Source: Authors’ estimates based on the interview texts
To identify the key drivers of Ukraine’s IT industry growth we interviewed chief executive officers (CEOs) of five leading Ukrainian companies. All of them mentioned human capital as the country’s main competitive advantage. CEOs from IT companies overwhelmingly mentioned education and people as the key drivers of the industry’s growth and development (figure 13). While the overall quality of the Ukrainian education system ranks only fifty-sixth in the world (out of 137 countries), the level of high school math and science education has always been globally competitive. According to the World Economic Forum’s Global Competitiveness Report 2017-2018, the quality of math and science education was ranked twenty-seventh. Ukraine’s average country performance rank at the last ten international math Olympiads was sixteenth out of 135 countries; in physics, — it was ninth out of eighty-four countries.
Figure 14. The Share of People from Families of IT Professionals, Mathematicians, Physicists, or Engineers Among Industry Newcomers
Source: The online survey conducted by the authors in February and March 2018 among 750 IT professionals from Kyiv and Lviv IT clusters.
These achievements in math and science come from a deep tradition. Skills accumulated by the previous generations of computer scientists played a significant role in the emergence of the modern Ukrainian IT industry. The first generation of Ukrainian computer scientists appeared in the late 1940s. They worked in numerous scientific centers and laboratories, which provided research and development for the military sector over several decades. The global scientific community did not know much about these scientists and their often brilliant achievements. Instead, computer and technology skills accumulated by generations of Ukrainian scientists was passed along through families. A number of today’s professionals over the age of thirty-five got their first experience with computers in the research and development centers where their parents worked. According to a survey conducted by the authors, among individuals who worked in the IT industry before 2006, almost 60 percent came from families of IT professionals, mathematicians, physicists, or engineers (see figure 14).
The Soviet educational system strongly emphasized the fields of math, science, and IT. In the early 1990s, about sixteen thousand students graduated from these programs every year in Ukraine. Although these students had strong technical skills, they did not have experience with global markets. After Ukraine declared independence in 1991, it took nearly fifteen years to incorporate the skills necessary in a global economy and to build a modern industrial base, which is capable of successfully competing with global players.

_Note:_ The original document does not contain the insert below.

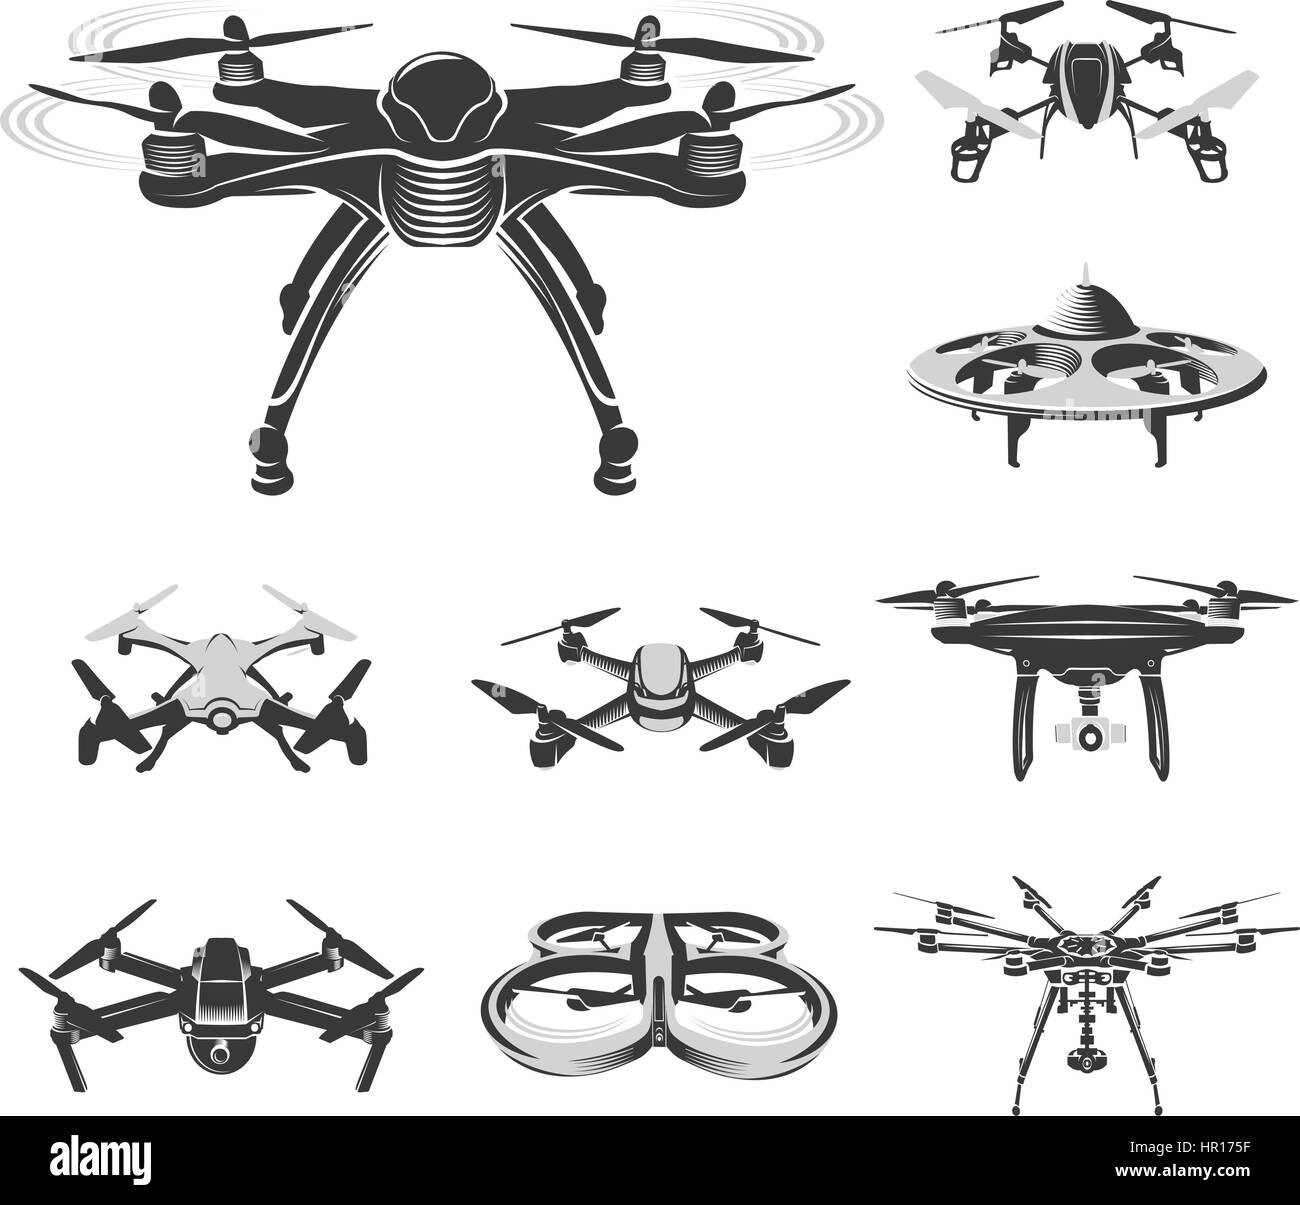 Acheter parrot drone quadcopter drone anafi

This long tradition of accomplishment in math, technology, and computer science combined with an emphasis on these disciplines within high school curricula have contributed to building Ukraine’s talented labor pool for the IT industry. The educational foundation in math and sciences provides students the opportunity to develop the necessary competencies, even if they do not have an IT-related university education.
On average, eighteen thousand people graduate from university programs that specialize in IT and mathematics every year. Additionally, Ukrainian companies support human capital development for the IT industry. Last year, they ran a number of programs at leading universities and equipped IT laboratories to promote technology-based learning. Additionally, a big IT education industry has grown inside the educational ecosystem, including corporate universities and independent professional courses. In 2016, nearly 44 thousand people have completed courses at these centers.
Over the last several years, Ukrainian IT firms began implementing global projects in areas other than pure IT—in digital innovation for the automotive, finance, retail, healthcare, energy efficiency, utilities, telecommunications, media production, and logistics industries. As a result, Ukrainian IT companies have been acquiring advanced business knowledge and global industry contacts beyond the IT field. Within a short period of time, this knowledge is likely to lead to the creation of companies and platforms that can drive the economy forward.